Recording activity labeled as ‘multi-units’ were mixtures of 2 or more neurons not separable using a PCs method or consisted of recordings with waveforms only weakly separable from noise.
The number of interspike interval (ISI) violations after clustering and sorting was used to mitigate subjectivity in the classification of units. A unit was labeled as a single neuron if the percentage of ISI violations (refractory period of <= 1.5 ms) was <= 1.5%, otherwise it was labeled as a multi-unit. 801/996 PMd units were labeled as single neurons (T: 417, O: 384, median ISI violation = 0.28%, mean ISI violation = 0.43%, ~0.13 additional spikes/trial). Therefore 195/996 units were labeled as multi-unit (T: 129, O: 66, mean ISI violation = 3.36%, ~1.4 additional spikes/trial).

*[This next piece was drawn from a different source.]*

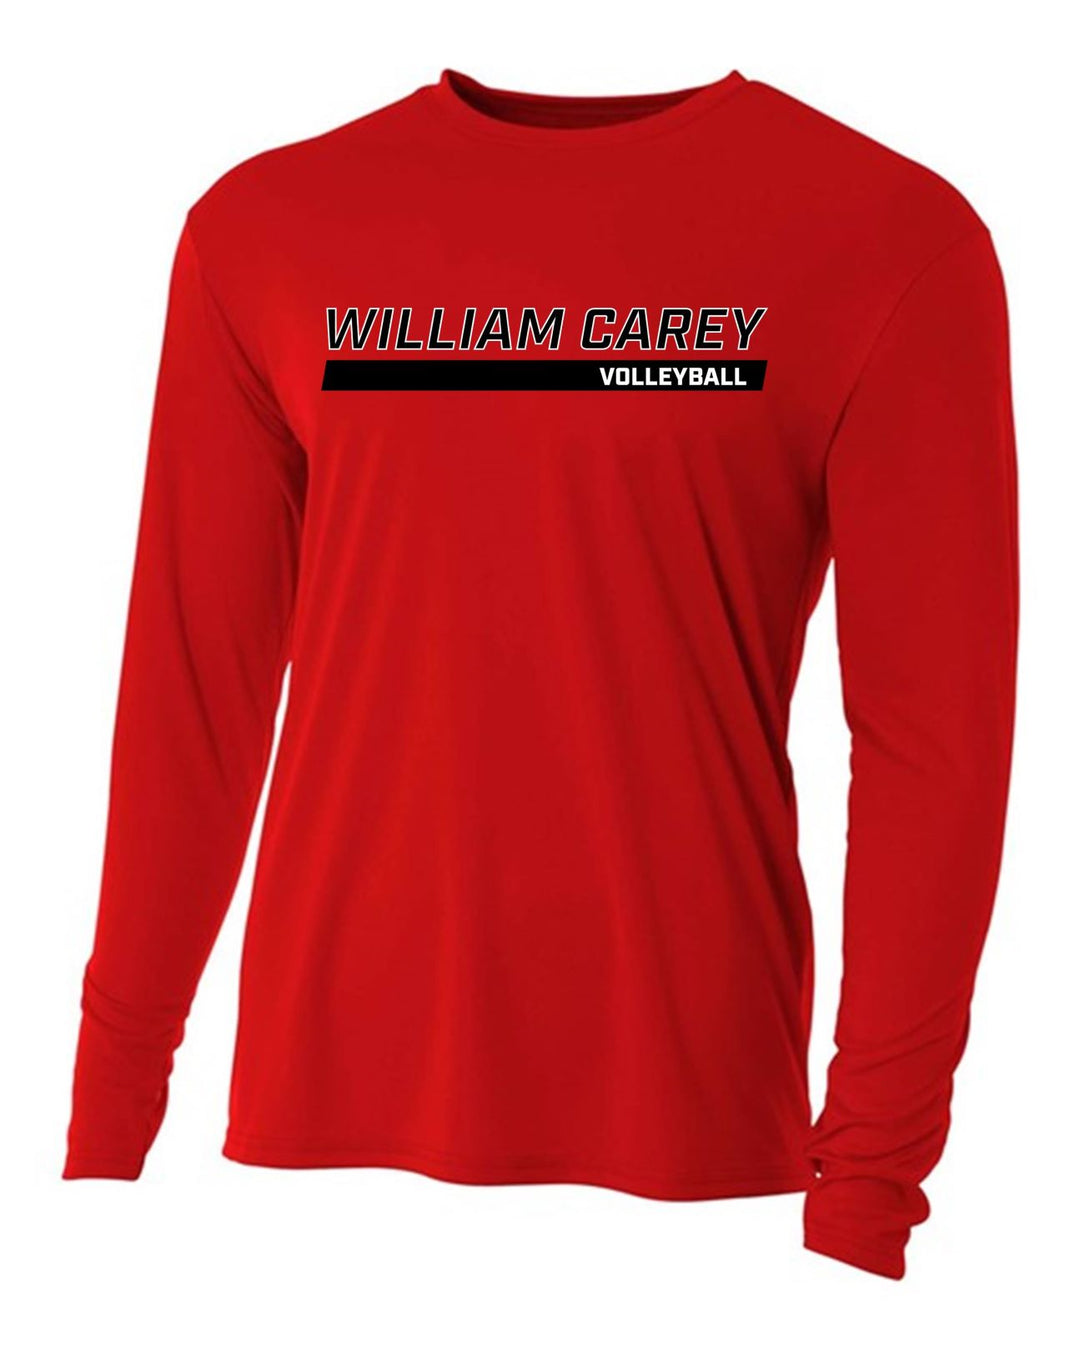 WCU Volleyball Men's Long-Sleeve Performance Shirt WCU Volleyball Red WC W/O CRUSADER - Third Coast Soccer

Units from both monkeys were pooled together as the electrophysiological characteristics were similar. Change-of-mind trials (~2-3%) were excluded from averaging as the change in reach direction mid-movement execution made the assignment of choice ambiguous. Incorrect and correct trials arranged by choice were averaged together.
For futher details on methods please refer to preprint on bioRxiv:
https://doi.org/10.1101/2022.06.30.497070
Usage notes
Matlab is needed in order to open the data files.